What I wanted to get is the following:

GO:0008150 / GO:0009987 / GO:0007154 / GO:0007267
GO:0008150 / GO:0023052 / GO:0007267

What I understood is that under the hood I'm calculating the depth of each level and using it to construct the path, this works fine when we have an element that belongs only to one branch.

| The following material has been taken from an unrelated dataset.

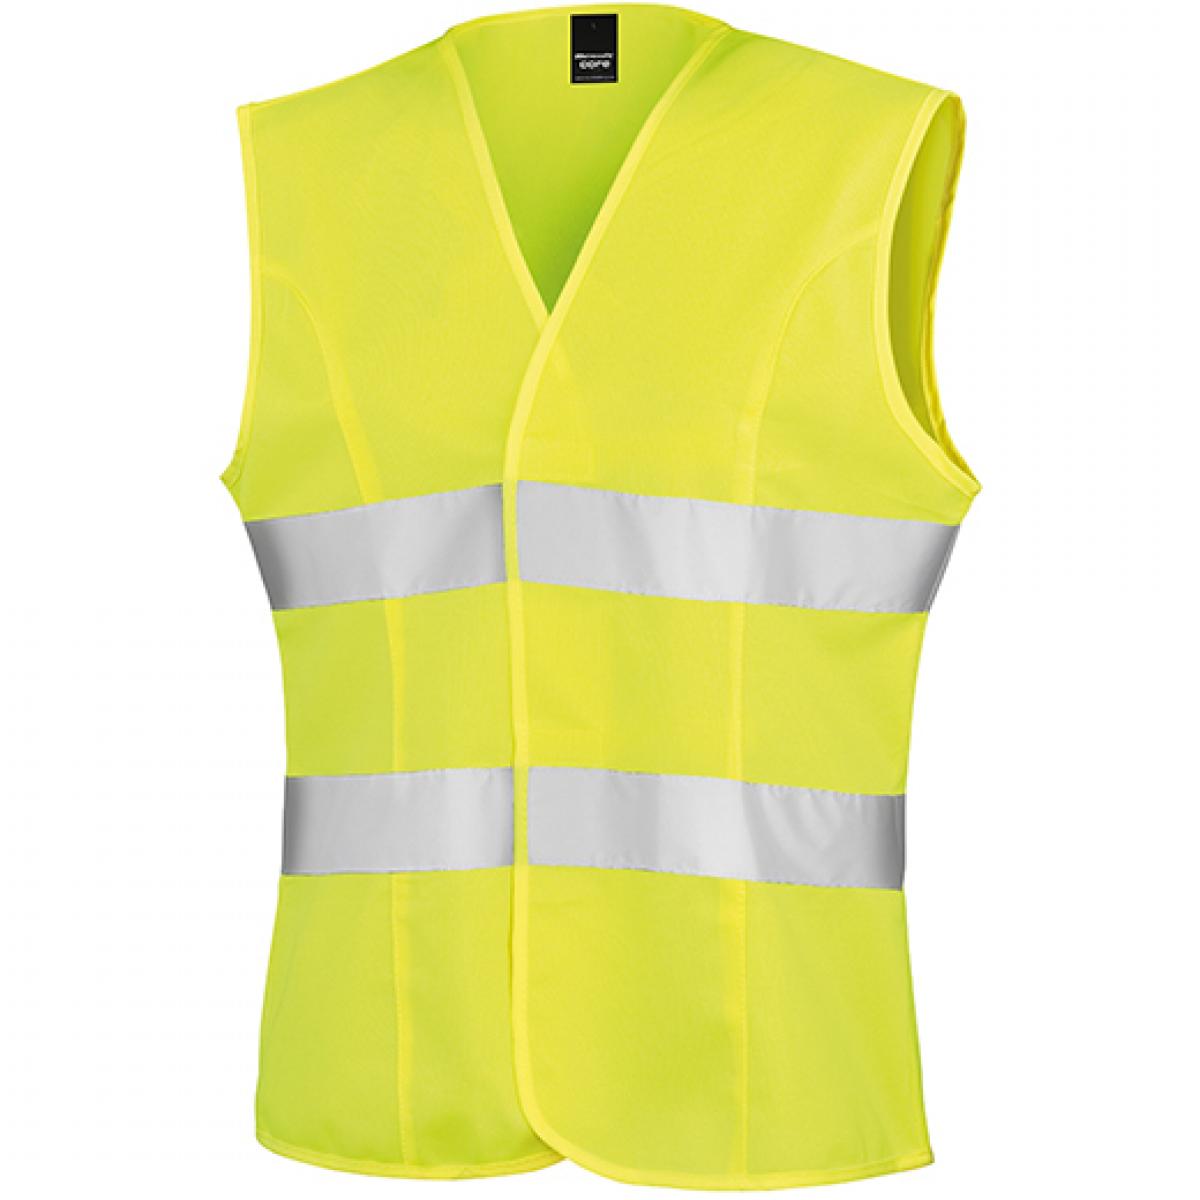 Hersteller: Result Core Herstellernummer: R334F Artikelbezeichnung: Damen Sicherheitsweste High Viz Tabard / leicht figurbetont Farbe: Fluorescent Yellow
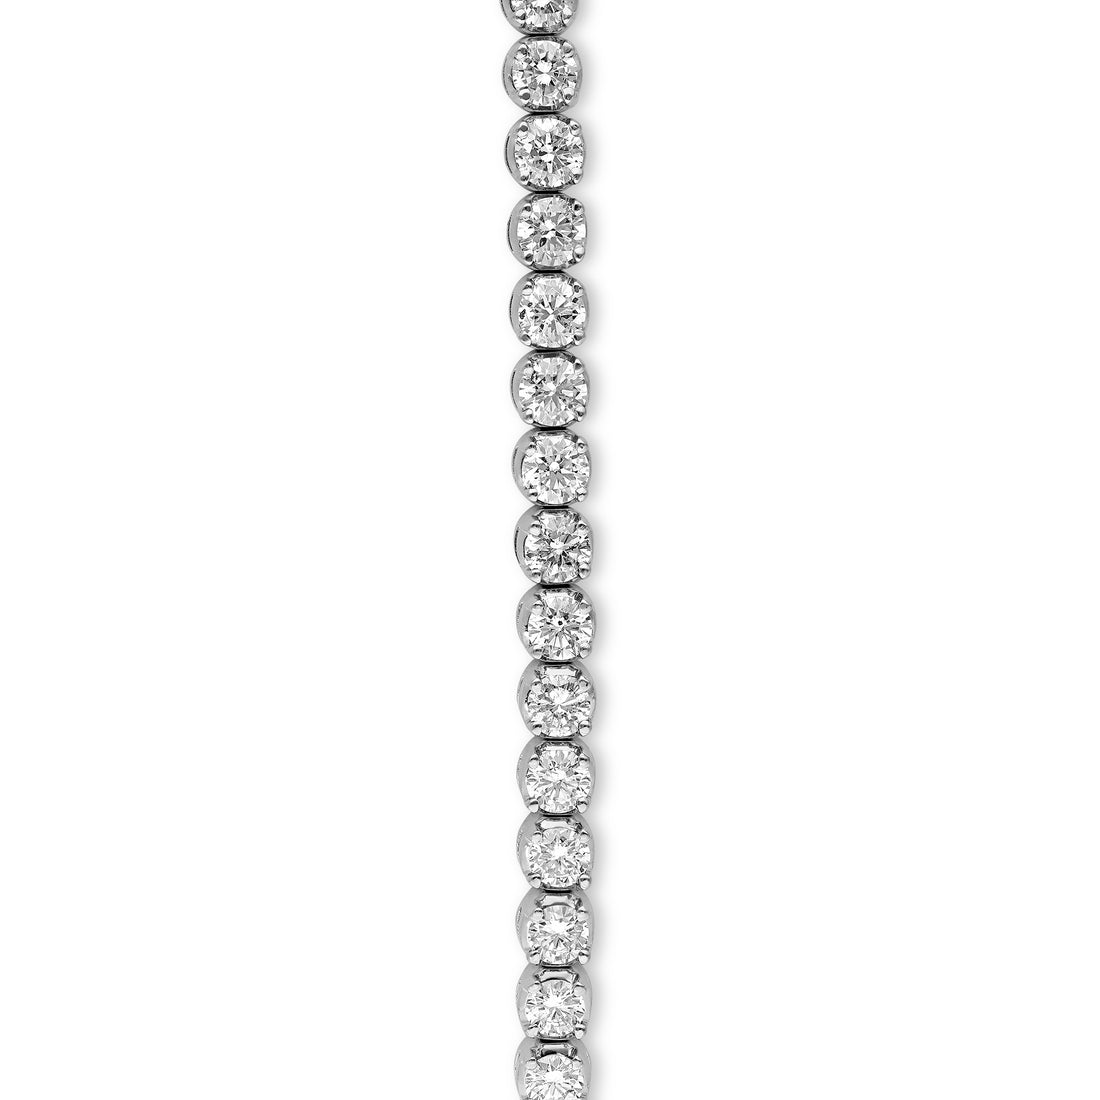 White Gold Round Diamond Tennis Bracelet - 8.4 Carat

SELECT (count(?mid) as ?depth) ?midId
FROM <http://rdf.ebi.ac.uk/dataset/go> 
WHERE {
    obo:GO_0032259 rdfs:subClassOf* ?mid .
    ?mid rdfs:subClassOf* ?class .
    ?mid <http://www.geneontology.org/formats/oboInOwl#id> ?midId.
}
GROUP BY ?midId
ORDER BY ?depth

The result:

depth |   midId
------|------------
1     | GO:0008150
2     | GO:0008152
3     | GO:0032259

In the second example, things are missed up and I didn't get why, in any ways I'm sure that part of the problem are terms that have the same depth/level, but I don't know how can I solve this.

depth |   midId
------|------------
2     | GO:0008150
2     | GO:0009987
2     | GO:0023052
3     | GO:0007154
6     | GO:0007267

Solution

  • Thanks to @AKSW I found a decent solution using HyperGraphQL (a GraphQL interface for querying and serving linked data on the Web).

    I'll leave the detailed answer here, it may help someone.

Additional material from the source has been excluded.